Ppl just aren't as funny as we are
So apparently I ran down the hall to another party and started handing out uncooked spaghetti to strangers. You'd be surprised how many drunk people will eat raw noodles.
I don't know at least half of his name. I have officially become a statistic.
He said he was trying to live vicariously through me. I didn't have the heart to tell him that meant he was vicariously fucking his best friend.

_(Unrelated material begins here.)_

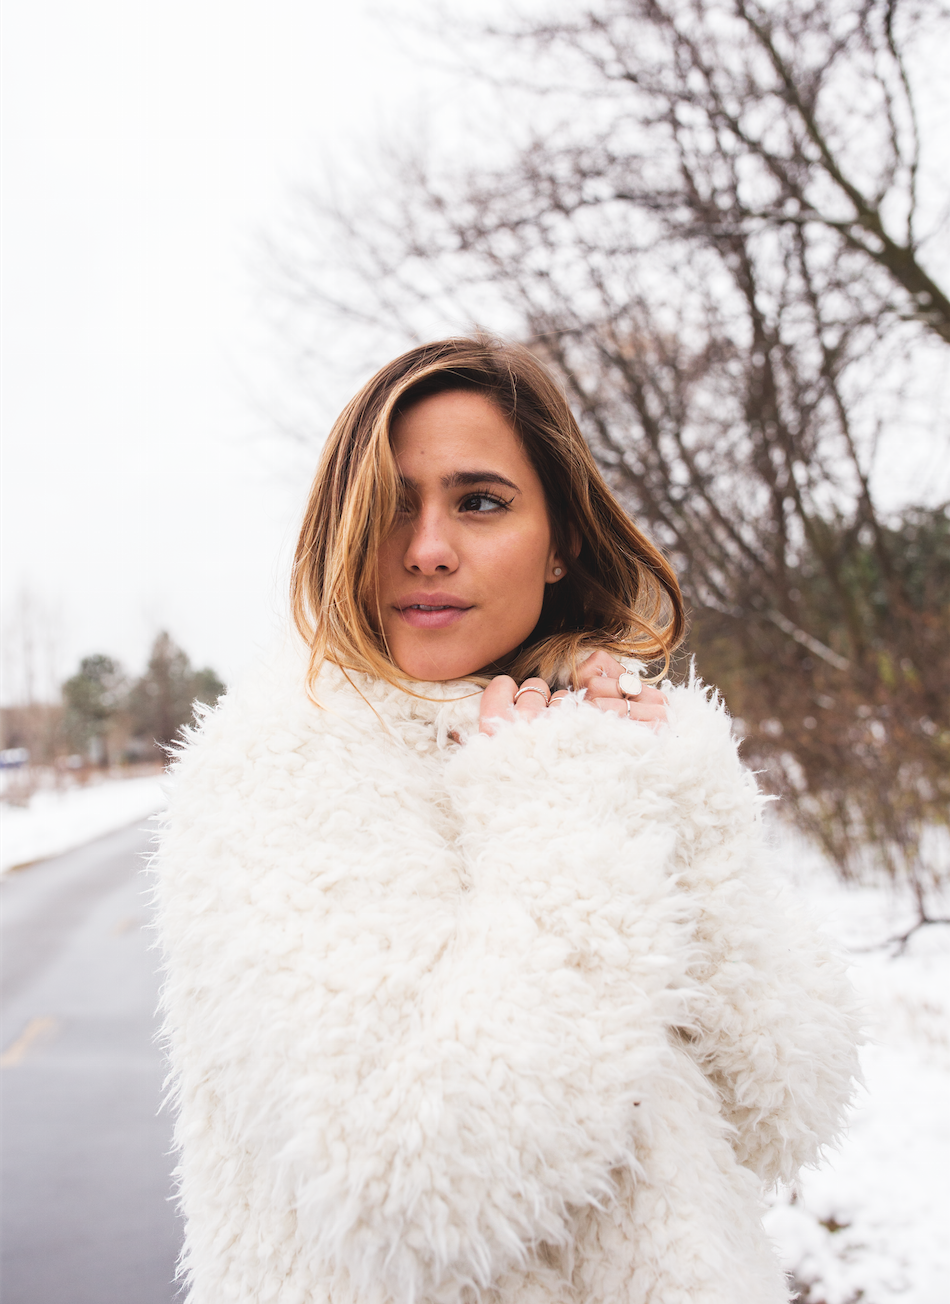 Sami | Model, Treefort Magazine Creative Director

I can't come tonight. Someone took a shit in the dressing room. A.) Clean it up or B.) Kill myself. Text back with your answer.
Shit, my parents are coming over and I just realized that a grinder is not an acceptable paperweight
It's like god made him fantastic at oral to make up for what his mouth does the rest of the time.
the police told me I had to sign a waiver stating that my car will no longer be used for crime activity.
Ugh I can't even look at alcohol this weekend, my body needs to heal.
Ive only just recently decided that NOT fucking you would be best for both of us.
Jäger goes great with personal crises and receding morals...
I just shit my bed. Go ahead and make your 40 year old incontinence jokes now.
First encounter with a mirco peen. I was confused when he said he doesnt go down on girls. Cmon dude, practice on a peach.
Im showing up stoned and in sweatpants. Because that is where im at in life right now. Sorry not sorry.
Clearly the Stanley Cup Finals good luck hand job IS necessary. You let the whole team down.